There are multiple ways to get a rootfs that we can use in order to run our containers, for this blogpost we’re going to download an already built rootfs for Alpine Linux.
There are tools such as buildroot that make it really easy to create our own rootfs. We will see how to create our own rootfs using buildroot on a future post.

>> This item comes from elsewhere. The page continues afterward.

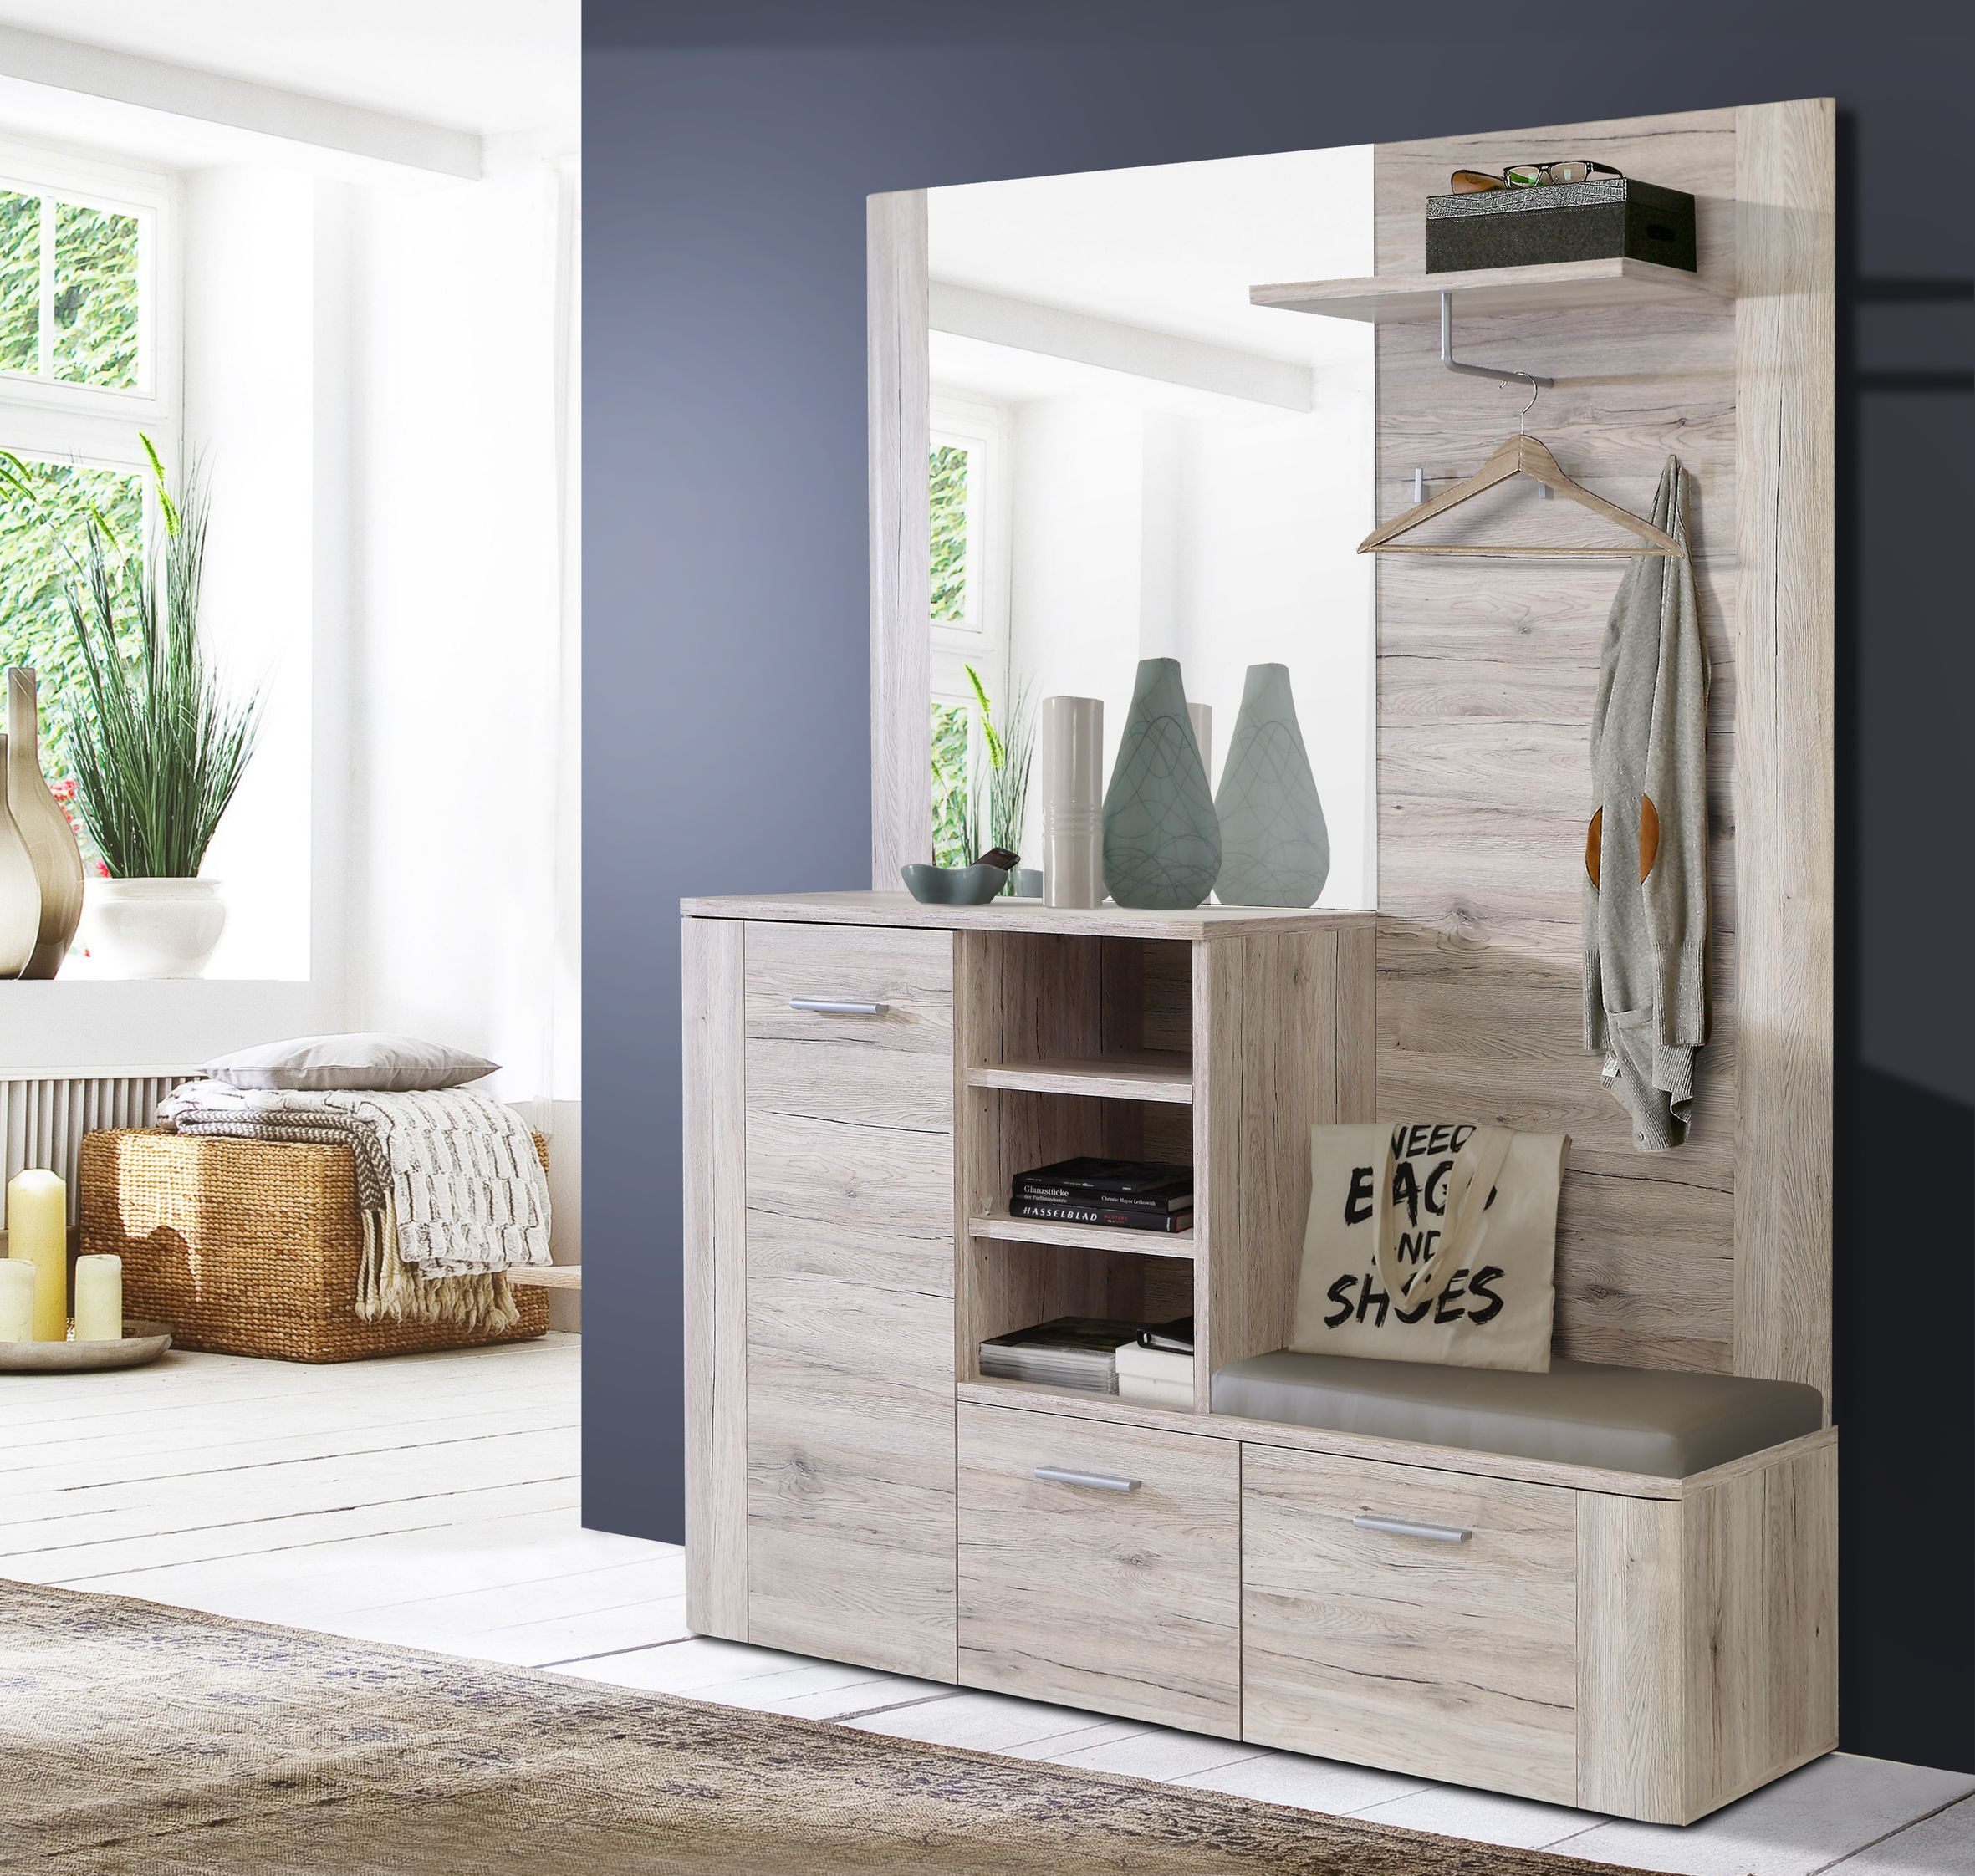 garderobe kompakt big bang von forte sandeiche. Black Bedroom Furniture Sets. Home Design Ideas

As earlier mentioned, let’s download the x86_64 rootfs for Alpine Linux:
mkdir /var/tmp/alpine-rootfs/ && cd $_
curl https://dl-cdn.alpinelinux.org/alpine/v3.12/releases/x86_64/alpine-minirootfs-3.12.3-x86_64.tar.gz -o rootfs.tar.gz
We can extract the rootfs on the temporary folder we just created:
tar xfz rootfs.tar.gz && rm -f rootfs.tar.gz
If we take a look at the extracted files:
tree -L 1
As you can see, the result looks like a Linux system. We have some well known directories in the Linux Filesystem Hierarchy Standard such as: bin
, tmp
, dev
, opt
, etc.
.
├── bin
├── dev
├── etc
├── home
├── lib
├── media
├── mnt
├── opt
├── proc
├── root
├── run
├── sbin
├── srv
├── sys
├── tmp
├── usr
└── var
chroot
Chroot is an operation that changes the root directory for the current running process and their children. A process that runs inside a chroot cannot access files and commands outside the chrooted directory tree.

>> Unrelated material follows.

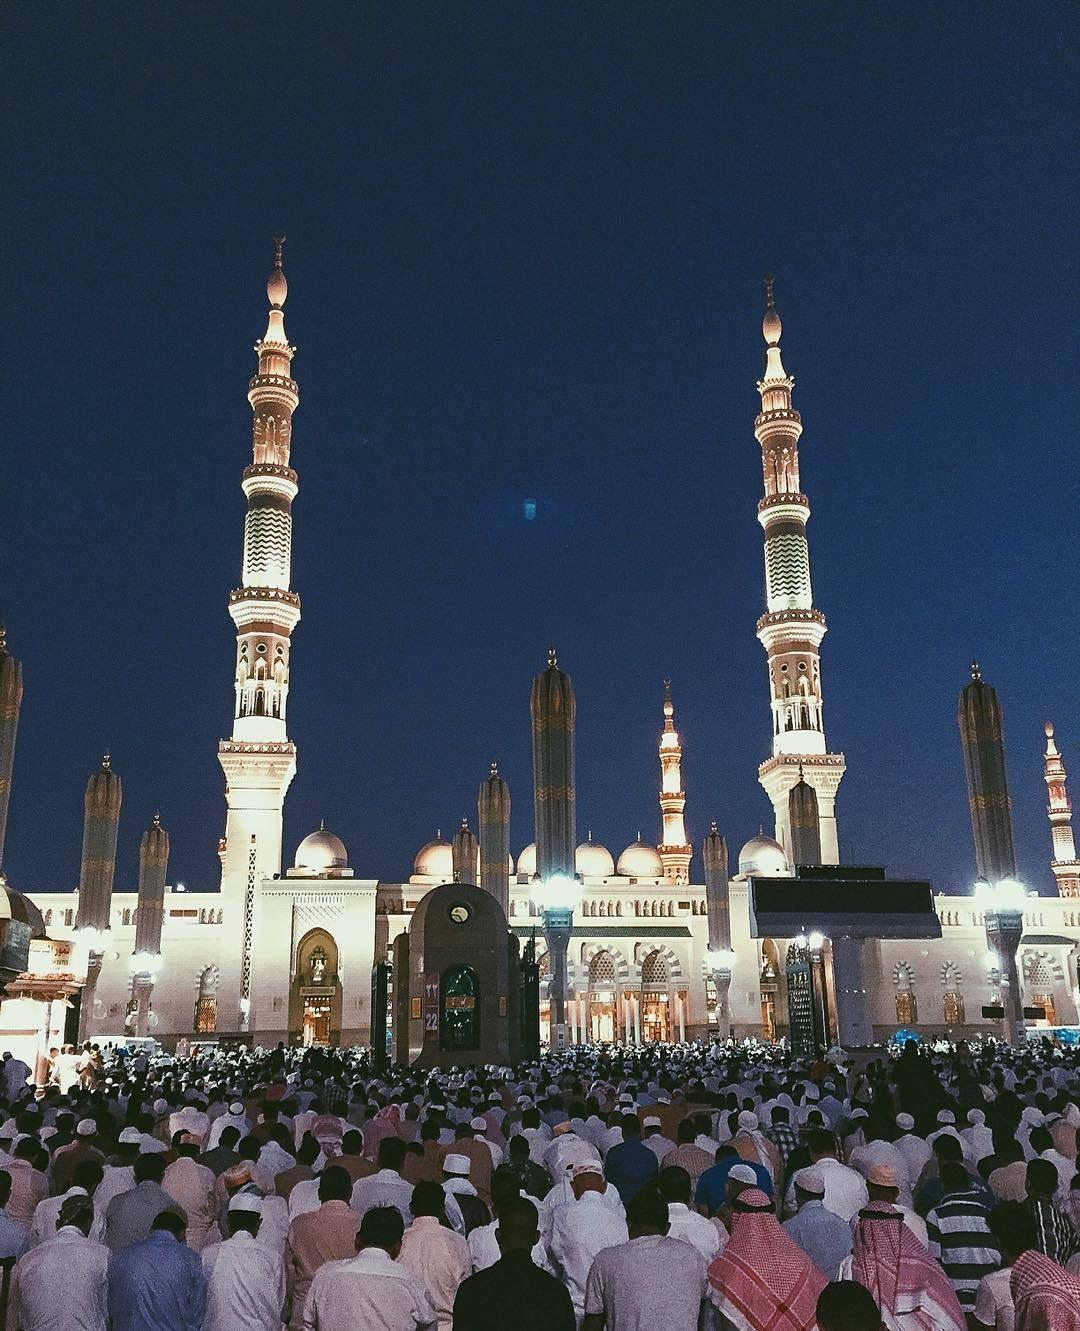 Pin By Naiceeee Naice On Mekke Medine Kudus Medina Mosque Beautiful Mosques Islamic Architecture

That being said, we can now chroot into the rootfs environment we extracted in the previous step and run a shell to poke around:
Create the chroot jail
sudo chroot /var/tmp/alpine-rootfs/ /bin/sh
Check the os-release
cat /etc/os-release
NAME="Alpine Linux" ID=alpine VERSION_ID=3.12.3 PRETTY_NAME="Alpine Linux v3.12" HOME_URL="https://alpinelinux.org/" BUG_REPORT_URL="https://bugs.alpinelinux.org/"
Try to list /tmp/alpine-rootfs folder
ls /var/tmp/alpine-rootfs
ls: /var/tmp/alpine-rootfs: No such file or directory
As you can see we only have visibility of the contents of the rootfs we’ve chroot into.
We can now install python and run a simple http server for example:
Install python3
apk add python3
Run a simple http server
NOTE: When we execute the Python interpreter we’re actually running it from
/var/tmp/alpine-rootfs/usr/bin/python3
python3 -m http.server
If you open a new shell on your system (even if it’s outside of the chroot) you will be able to reach the http server we just created:
curl http://127.0.0.1:8000
namespaces
At this point we were able to work with a tarball like if it was a different system, but we’re not isolating the processed from the host system like containers do.
Let’s check the level of isolation:
In a shell outside the chroot run a
ping
command:ping 127.0.0.1
Mount the
proc
filesystem inside the chrooted shellNOTE: If you’re still running the python http server you can kill the process
mount -t proc proc /proc
Run a
ps
command inside the chroot and try to find theping
command:ps -ef | grep "ping 127.0.0.1"
387870 1000 0:00 ping 127.0.0.1 388204 root 0:00 grep ping 127.0.0.1
We have visibility over the host system processes, that’s not great. On top of that, our chroot is running as root so we can even kill the process:
pkill -f "ping 127.0.0.1"
Now is when we introduce namespaces.
Linux namespaces are a feature of the Linux kernel that partitions kernel resources so one process will only see a set of resources while a different process can see a different set of resources.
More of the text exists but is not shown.